Exercise directions: Write out the listing verbatim. No pictures belong in it.

Source data:

[Start of Attachment]

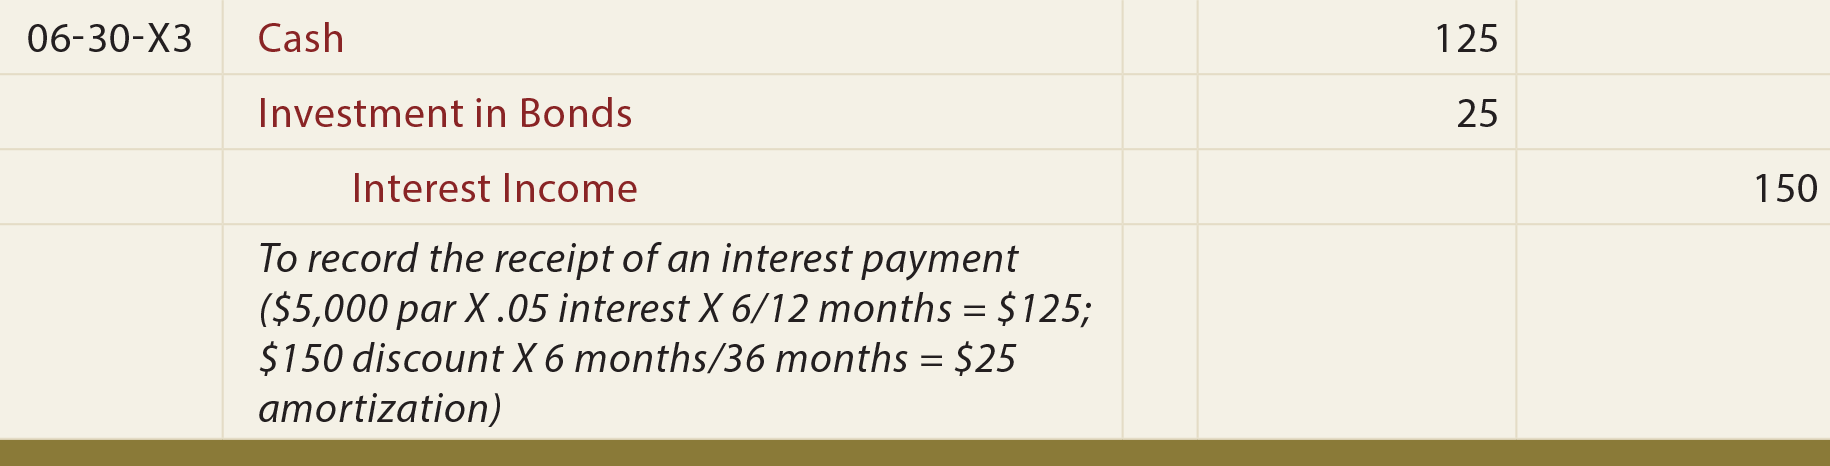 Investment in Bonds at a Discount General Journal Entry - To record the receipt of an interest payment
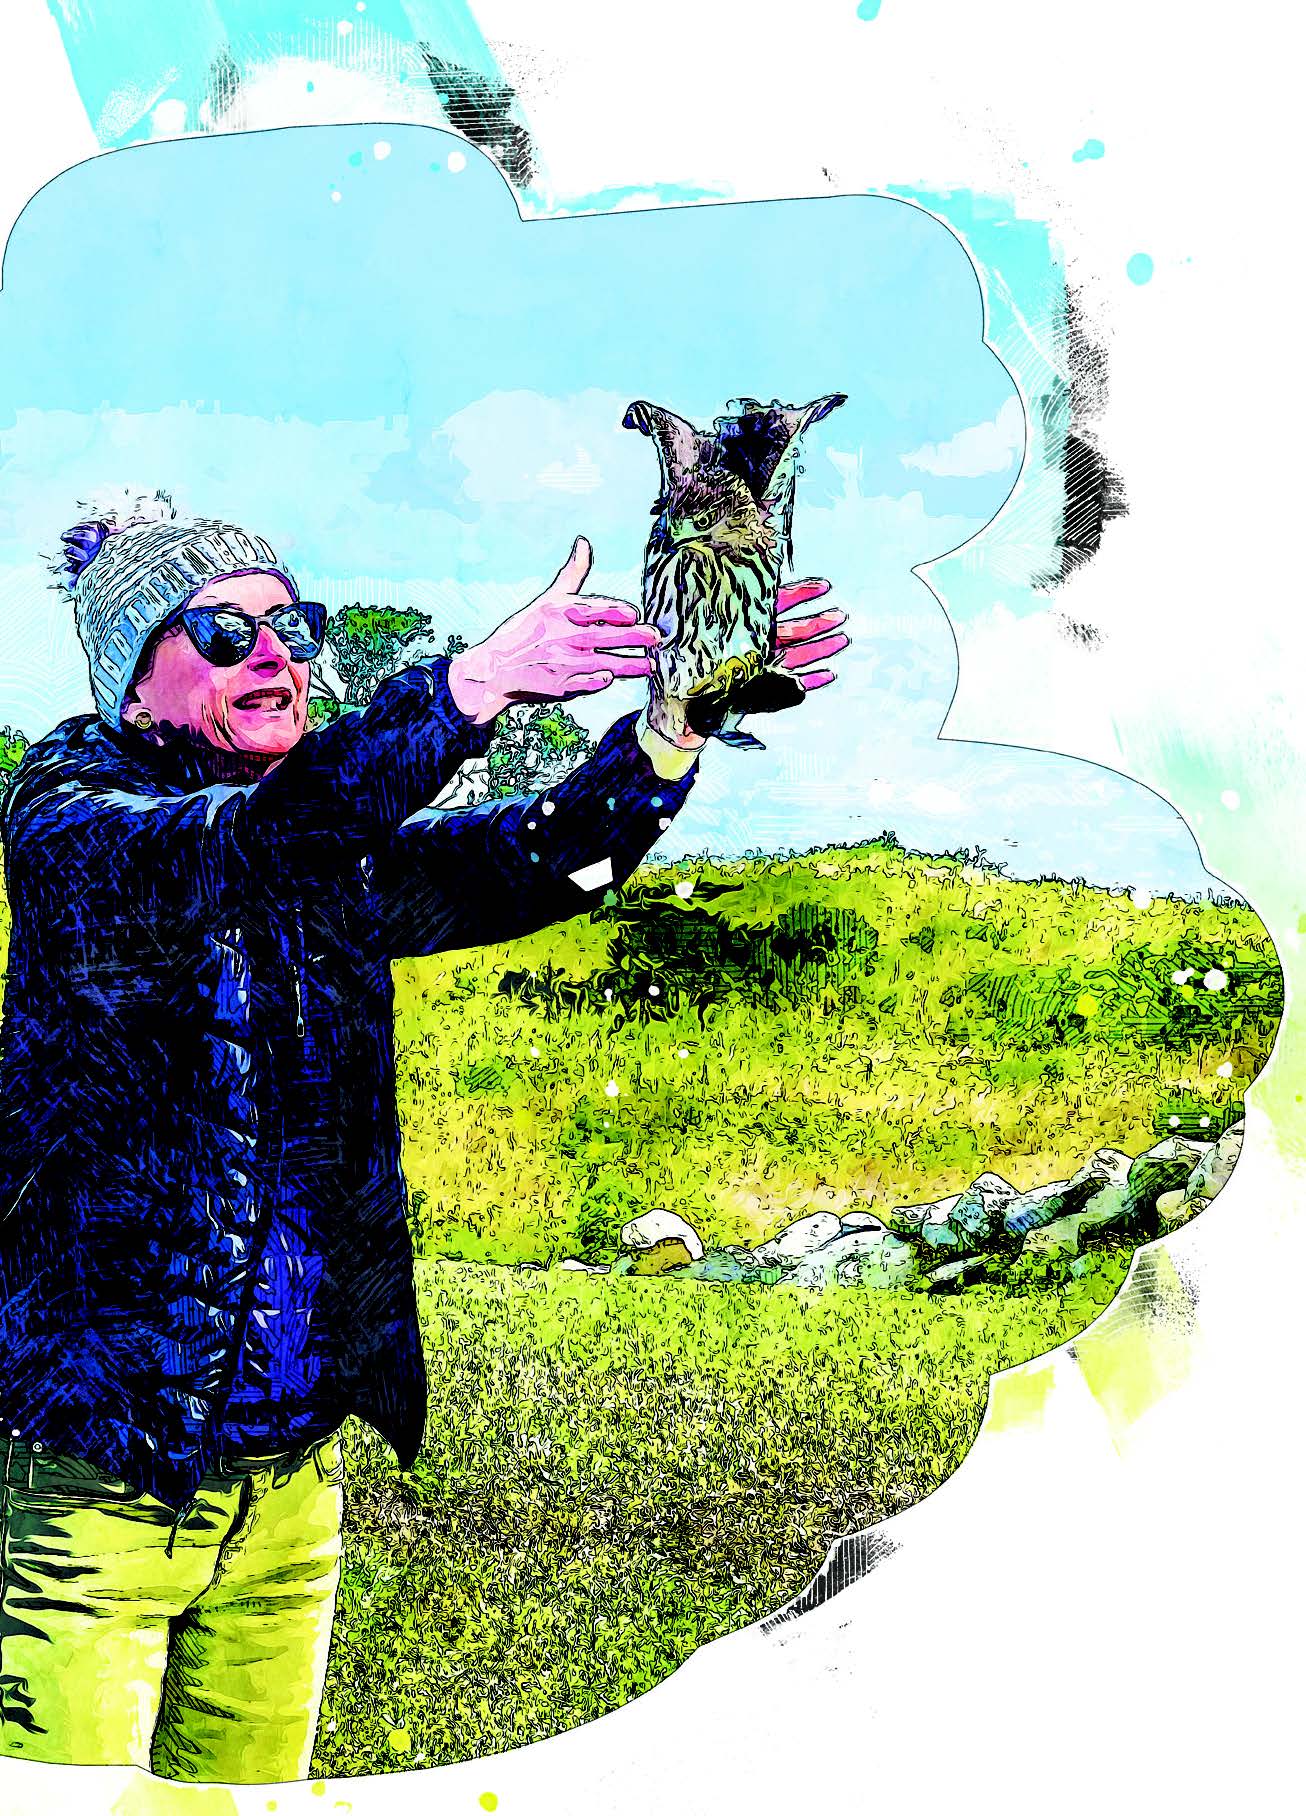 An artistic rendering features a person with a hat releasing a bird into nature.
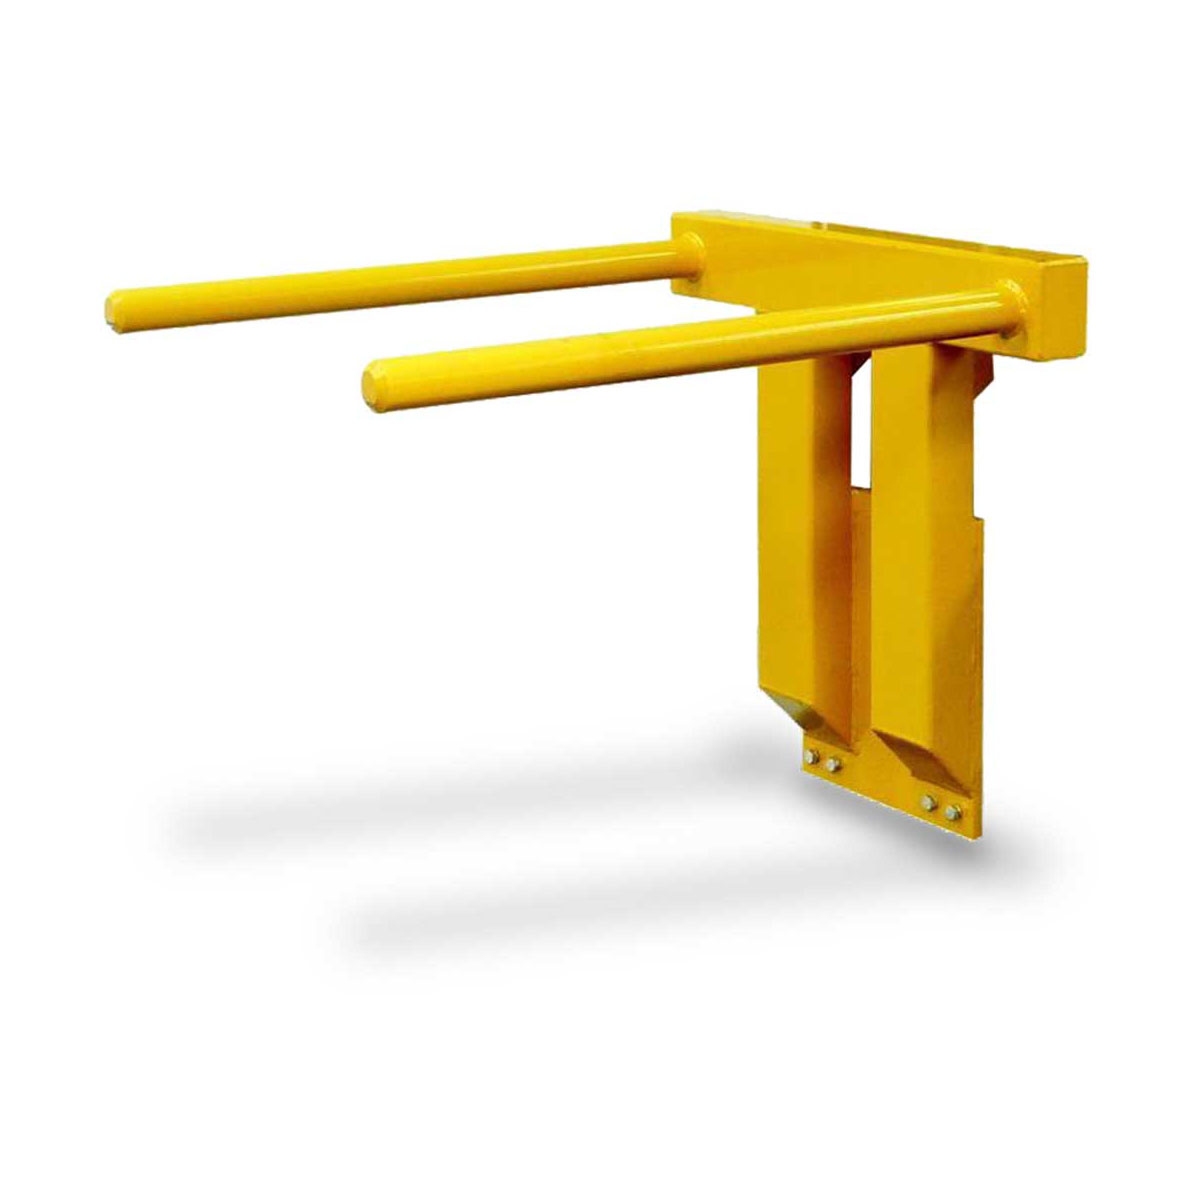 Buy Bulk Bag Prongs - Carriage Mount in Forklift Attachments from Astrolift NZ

[End of Attachment]

Response:
 Investment in Bonds at a Discount General Journal Entry - To record the receipt of an interest payment
 An artistic rendering features a person with a hat releasing a bird into nature.
 Buy Bulk Bag Prongs - Carriage Mount in Forklift Attachments from Astrolift NZ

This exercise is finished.